Monday, January 22, 2007

Chapbook 2 - The Boy Who Came Ashore by Alan Gay

The second of this series of reflections on chapbooks.

Alan Gay’s chapbook centres around the Eyemouth Disaster of 14 October 1881 when a storm raged along the east coast of Scotland. It destroyed entire fleets and killed hundreds of people. The fishing village of Eyemouth, a microcosm of the whole event, saw 213 dead, one third of the male population. In addition to the loss of life, the blow to the livelihood of the communities was incalculable.

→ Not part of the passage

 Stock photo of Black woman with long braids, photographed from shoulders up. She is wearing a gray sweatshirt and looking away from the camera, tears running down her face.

Alan Gay’s aim is to tell the story from the point of view of the fishermen who were on the seas that day, as most of the historical accounts come, understandably, from family and community members who remained on land. Gay is well qualified to attempt this, as he is an experienced yachtsman who has seen many storms in his life, and currently lectures in meteorology and navigation.

The chapbook contains 16 poems, interspersed by useful prose background, source material that may be genuine or invented (either way, it seemed authentic), and an occasional illustration. The poetry is direct, spare, unsentimental, and succeeds in conveying the tragedy without becoming maudlin. I found a couple of the poems, Recipe and Islands in the Sky artificial – imposing a ingredient-metaphor and a too self-conscious dream onto a reality that didn’t require such artifice – but the other fourteen poems had a real vigour about them that hooked me in and kept me there.

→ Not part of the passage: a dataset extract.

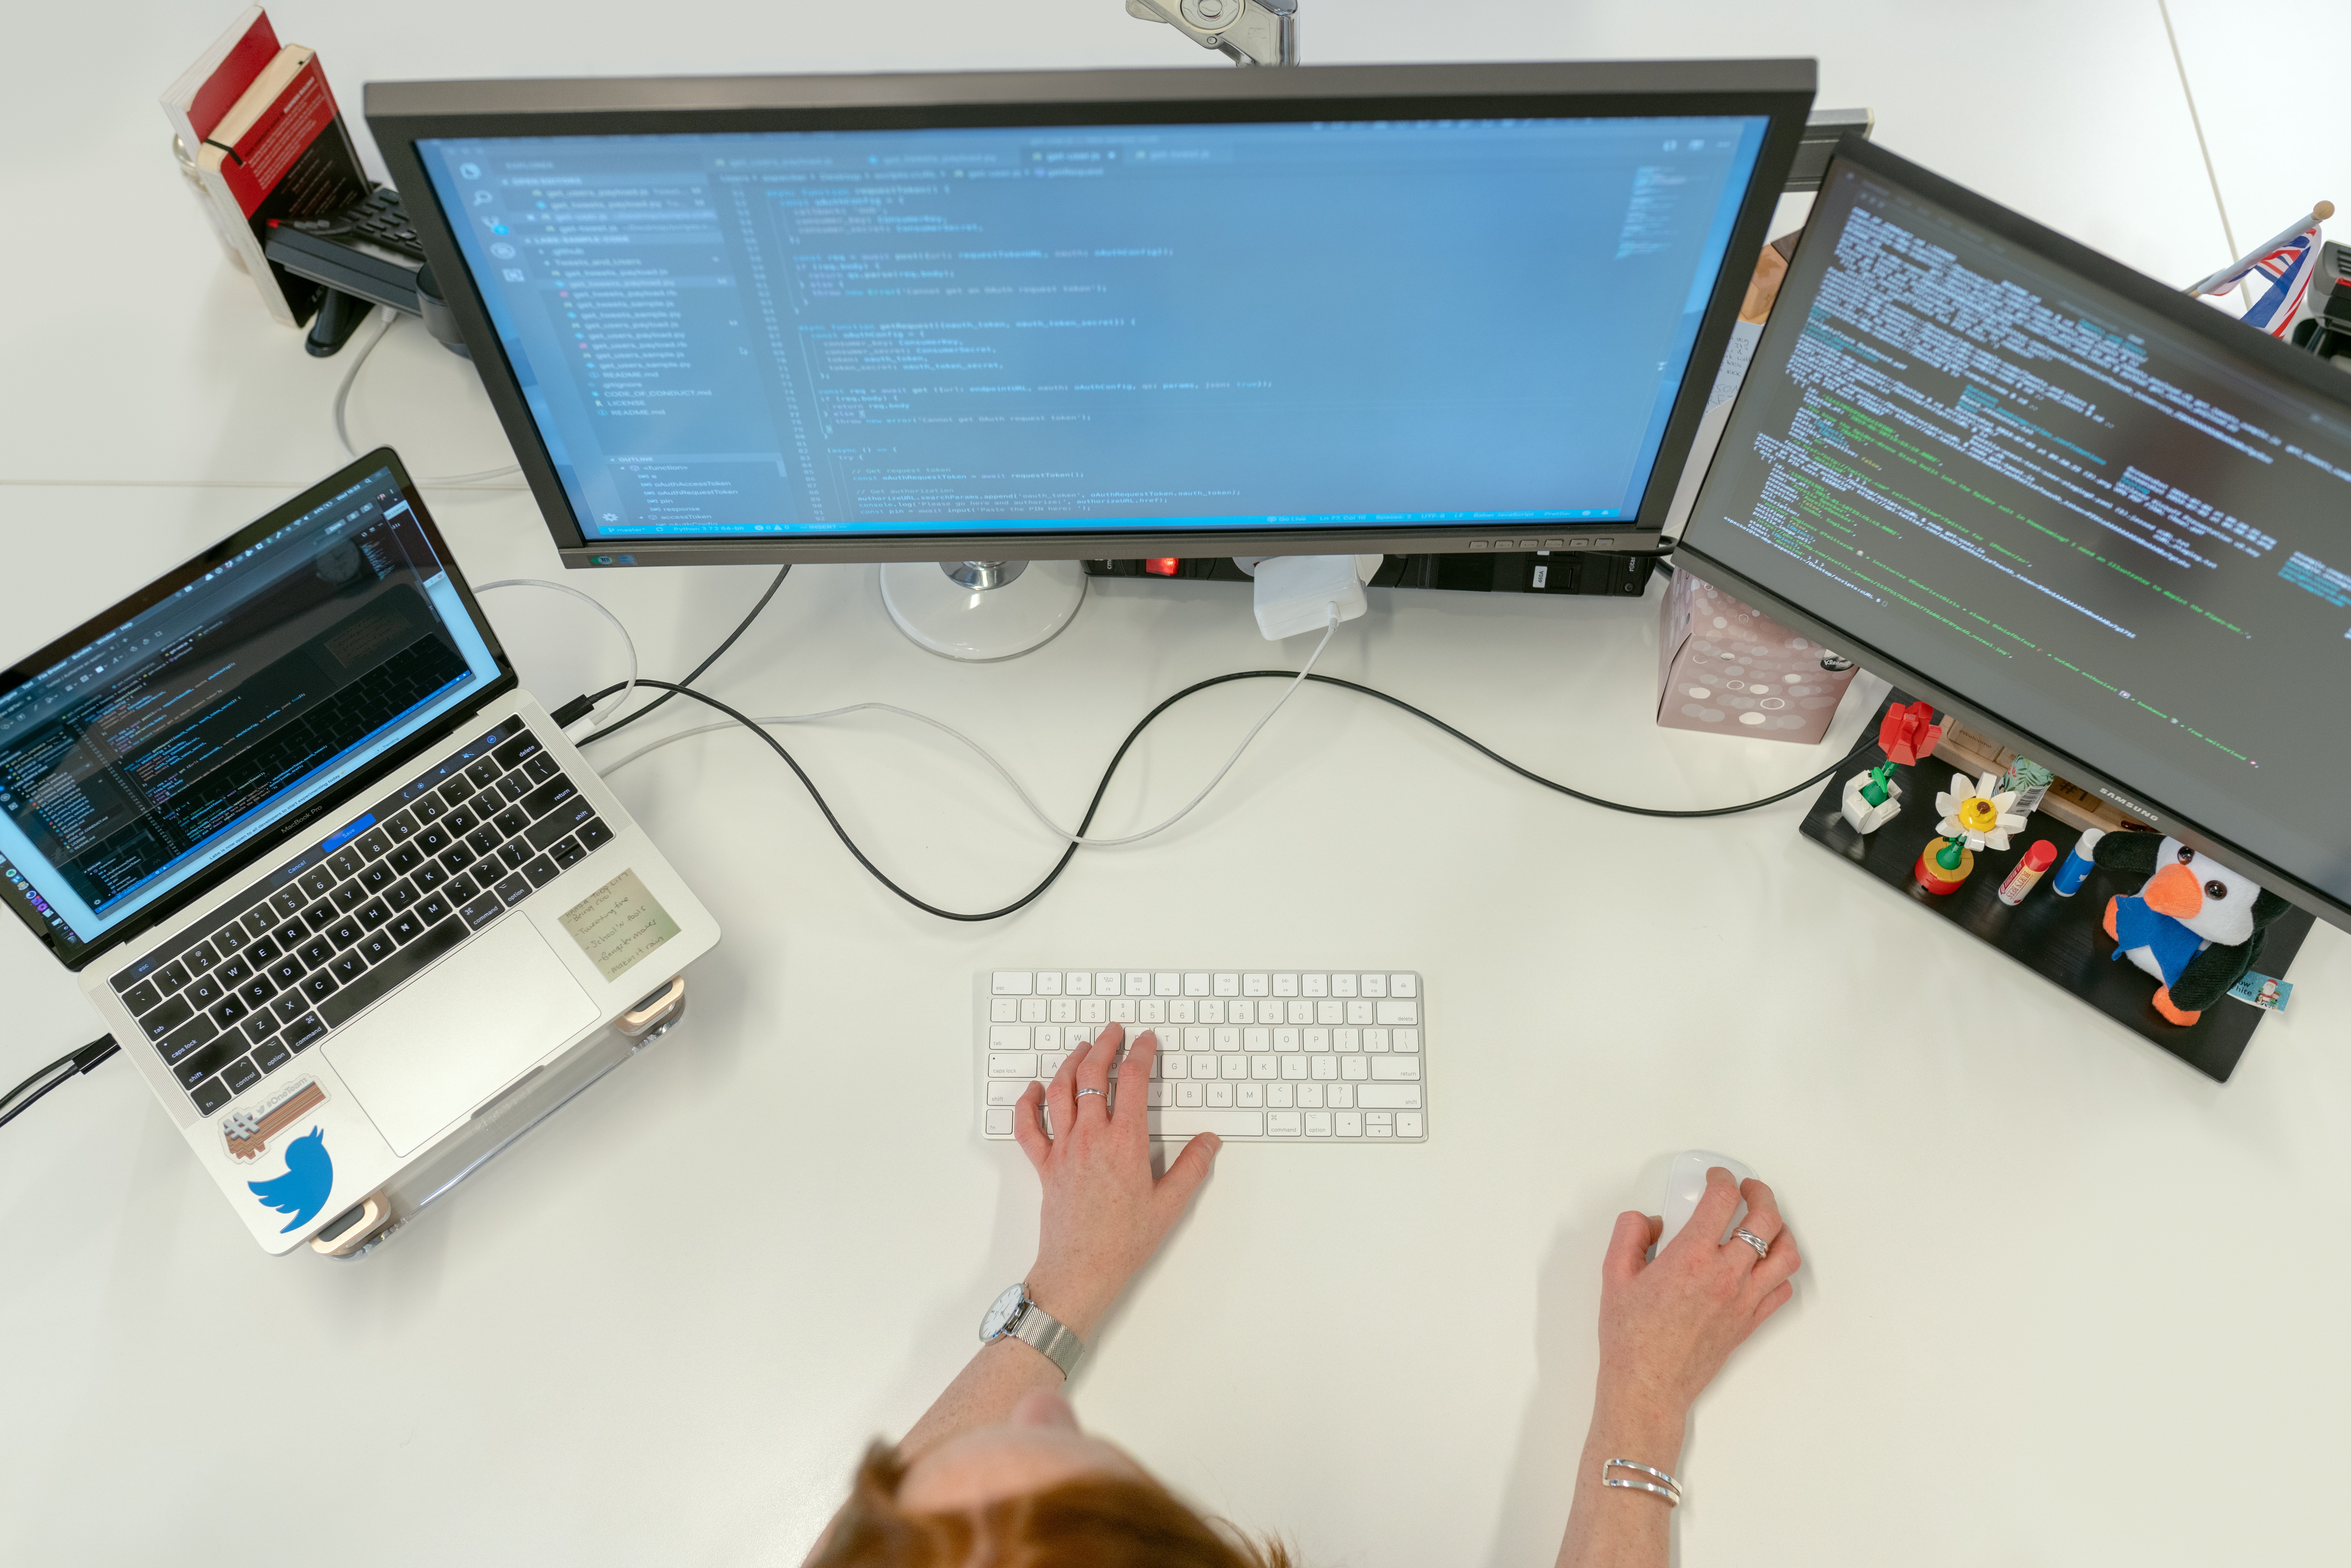 An overhead view of a software engineer's desk featuring two monitors displaying code and a laptop.

Gale Warning has the fishing boats setting out to sea. The boats were full of experienced seamen, used to storms, but not with the sudden intensity and violence of the storm to come. The gulls circling the boats seemed to know:

shadows criss-crossing the deck
urgent, as if to warn us
to heed the signs:

the heel of a hand on the horizon
fingers reaching out
to crush the sun.

The poems describing the storm and the fishermen’s reactions to it were well researched and described as only someone who has seen a storm or two could manage. At times, I would have liked a little more lyricism alongside the narrative, but there is certainly a compelling surge, a direct power about the descriptions, so that you can almost feel you’re on the boat, seeing things through the fishermen’s eyes.

In The Hurkurs, the boat slows in a trough and is then lifted onto the crest of a wave. This, Alan Gay explains in a note, is the most dangerous moment for a boat, when the loss of momentum leaves it most defenceless against the wind. On the crest, they catch sight of rocks downwind, with land just beyond the rocks:

a picture we carry into the next trough
and know there’s no escape.
Better the sea’s rage
than the madness of land.

You can sense intimately the desperate plight of the men and the equally desperate decisions that had to be made. It was safer to stay at sea in the jaws of the storm than to risk heading for land, although some boats did make land. One was hurled by a wave over the rocks clean onto the sand and landed with every mast intact. Many were not so lucky.

If there is an epic quality to these poems, there is also a quiet sadness and, at times, even a mysterious quality. Hares on Twin Law Cairns begins with the curious:

In the dawn I see myself wade free of the sea

as if the narrator is watching himself from somewhere else. He climbs through the hills and recounts the intricate, familiar details of place names, smells, and natural life. He walks all day until he sees his father’s house reddening in dusk:

He is standing in the doorway
arm raised to shield his squint.
He knows I am coming.

But, as readers, we can’t help feeling that he will never come and that the father is still there squinting into the dusk. A very good poem.

The final poem, Lost at Sea, concerns a woman - her glance both to the future and to the past, which contains hope, grief, longing, all in one simple image:

She pauses to watch her cradled baby
reach for racing clouds

that now and then open
for shafts of sun to search the waves.

The Boy who Came Ashore was published in 2006 by Glasgow-based Dreadful Night Press and can be purchased online (credit card or PayPal) at the Scottish Pamphlet Poetry site for £5.50.

4 comments:

Matt Merritt said...

That sounds excellent, Rob. I'm ordering it now!

Rob said...

Hope you enjoy it, Matt.

Unknown said...

Seems very timely Rob, with the disasters at sea here with trawlers in the Irish Sea a week ago.

This pamphlet seems to catch the stormy qualities well, so this is going on my list to buy-at-end-of-month (when I get some of Christmas paid for).

Rob said...

Barbara, I think Alan Gay catches the atmosphere well. Now and again I had quibbles with odd words, phrases, and the occasional line, but the poems work very well together as a collection, and there are some very strong individual pieces.